Auctions | February 22, 2019

Swann Galleries' Spring Offering of Early Printed Books on March 7

New York -- Early manuscripts, incunabula and post-incunabula lead Swann Galleries’ sale of Early Printed, Medical, Scientific & Travel Books on March 7.  

Illuminated manuscripts make an impression with a Prayer Book in Latin and French on vellum, France, 1530s-40s, featuring 20 large and 15 smaller miniature illustrations in color and gold. The prayer book was possibly executed for a Benedictine abbess shown in one of the miniatures, and leads the sale with an estimate of $20,000 to $30,000. Additional decorated works include a mid-fifteenth-century Book of Hours in Latin on vellum, France, with full floral borders surrounding each of 12 miniatures, and a mid-fifteenth-century Book of Hours in Dutch on vellum, Northern Netherlands, (Estimate: $15,000-20,000 and $8,00-12,000, respectively). 
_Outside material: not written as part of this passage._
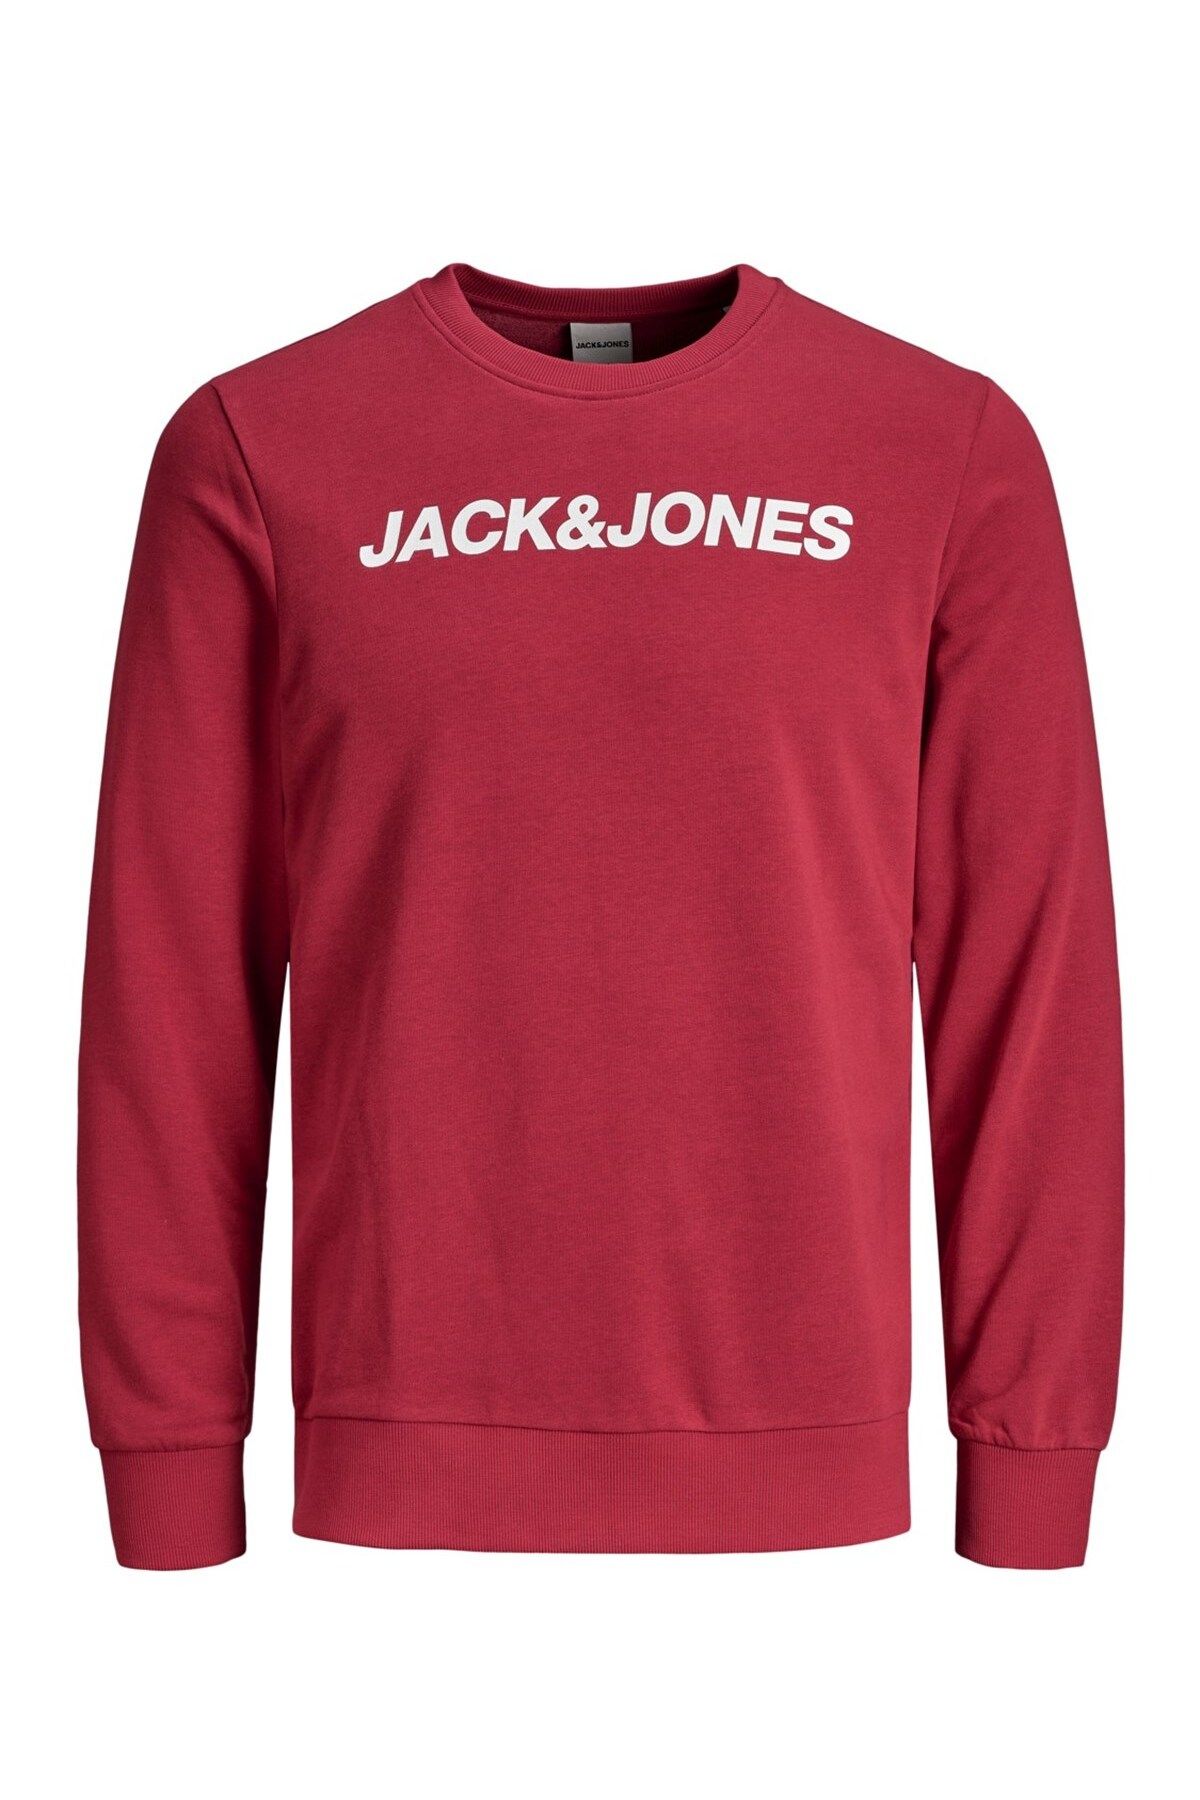 Jack & Jones Jack&jones Jcovibe Crew Neck Erkek Sweatshirt - 12172954

Science and medical publications include first editions of George Agricola’s most important writings on geology, mineralogy and mining, and his monograph on ancient Greek and Roman weights and measures: De ortu & causis subterraneorum Lib. V bound with De mensuris & ponderibus Romanorum atque Graecorum Lib. V, Basel, 1546, 1550, ($6,000-9,000); as well as a first edition of Frederick Ruysch’s Icon durae matris in concave [convexa] superficie visae, Amsterdam, 1737-38, with two color mezzotints by Jan Ladmiral of the outermost membrane of a human brain.
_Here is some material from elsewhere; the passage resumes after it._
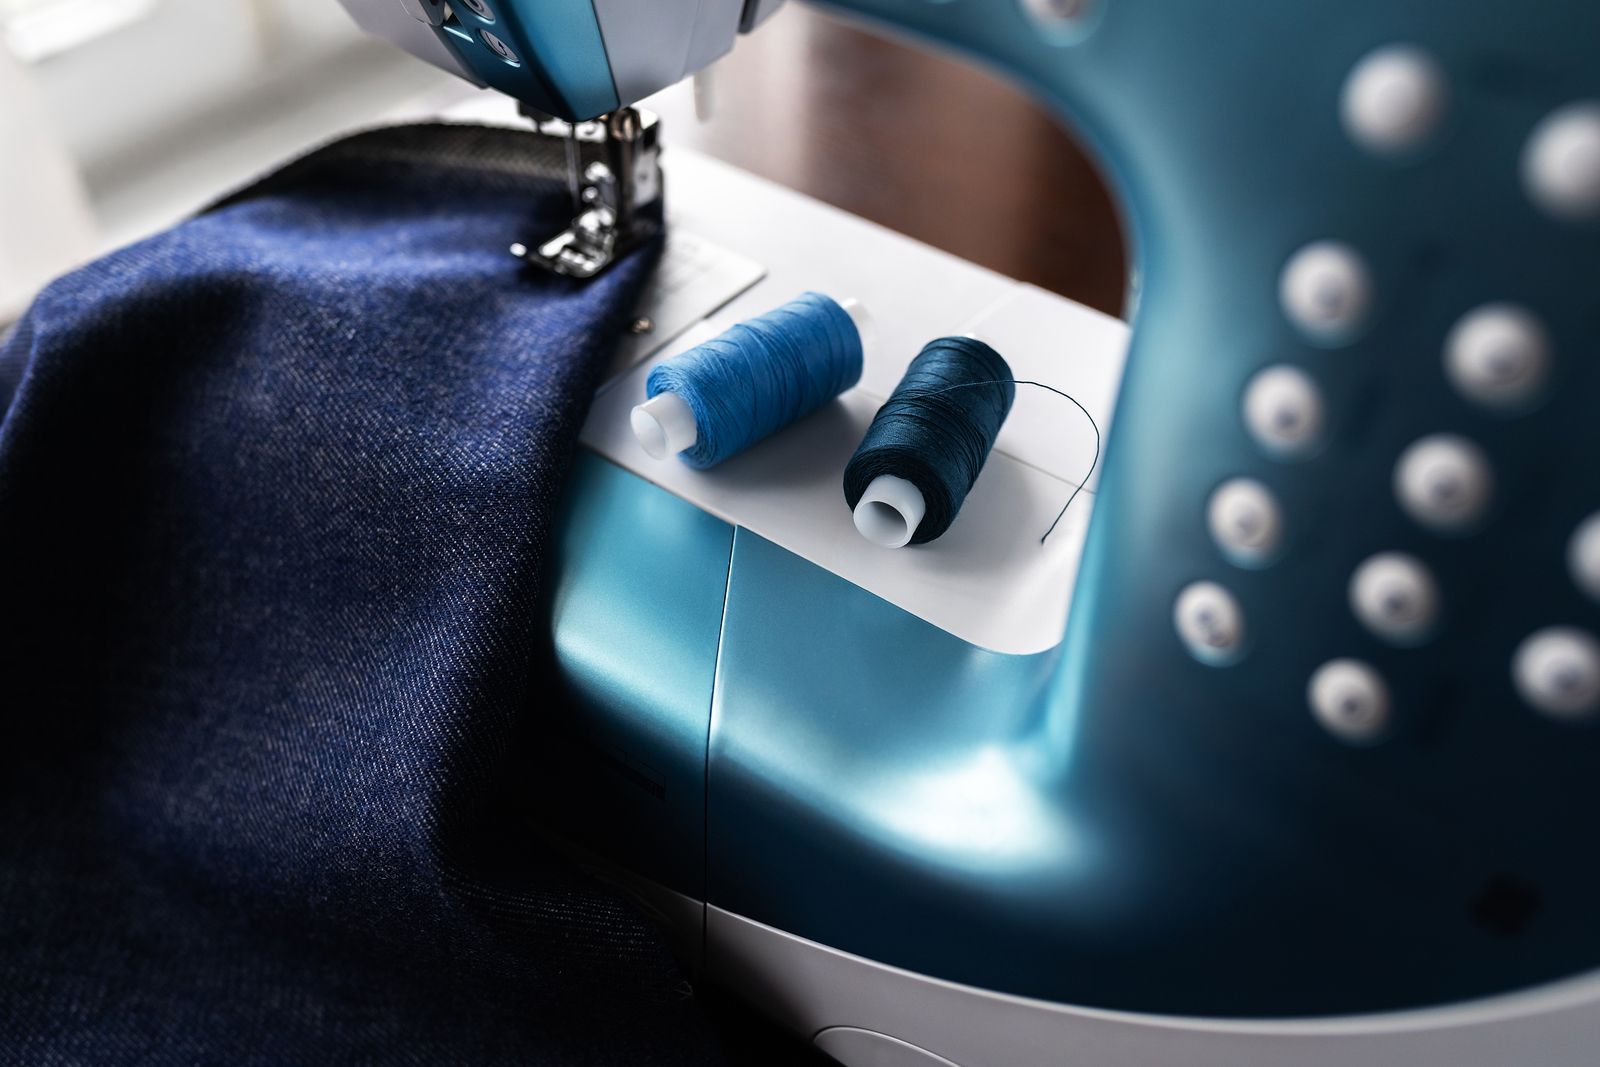 Cómo elegir una máquina de coser nueva que se ajuste a mis conocimientos de costura

Incunabula is led by a handsome wide-margined copy of Lectura super V libris Decretalium, Basil, 1477, by Nicolaus Panormitanus de Tudeschis, part five of six of the commentary on the Decretals of Gregory IX which contains the portions on marriage and criminal procedure ($4,000-6,000). Saint Thomas Aquinas’ Quaestiones de duodecim quodlibet, Venice, 1476, and a first edition of Arbor vitae crucifixae Jesu Christi, Venice, 1485, by Ubertinus de Casali ensure a stand out section ($3,000-4,000 and $3,000-5,000, respectively).
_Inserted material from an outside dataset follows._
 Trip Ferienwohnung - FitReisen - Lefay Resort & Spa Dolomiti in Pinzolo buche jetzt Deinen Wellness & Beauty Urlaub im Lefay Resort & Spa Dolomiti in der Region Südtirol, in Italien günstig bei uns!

Additional highlights include a first Ibarra edition of Cervantes’s El Ingenioso Hidalgo Don Quixote de la Mancha … Nueva Edición, corregida por la Real Academia Española, Madrid, 1780, in four volumes. The work has been called “The finest edition of Don Quixote that has ever been printed,” and carries an estimate of $8,000 to $12,000. Il Gioco de gli Scacchi, Militello, 1617, by Pietro Carrera, a first edition of one of the scarcest early Italian chess manuals, and the first book printed in Militello, is expected to bring $4,000 to $6,000; Michel de Nostradamus’s The True Prophecies or Prognostications, first complete edition in English, London, 1672, comes across the block at $2,500 to $3,500; and a first edition of Medices legatus de exsilio, Venice, 1522, by Petrus Alcyonius, recounting two imaginary dialogues between Giovanni and Giulio de’ Medici in 1512 on the subject of exile. The two were later exiled from Florence along with their nephew Lorenzo ($2,000-3,000). 

Exhibition opening in New York City March 2. The complete catalogue and bidding information is available at www.swanngalleries.com and on the Swann Galleries App.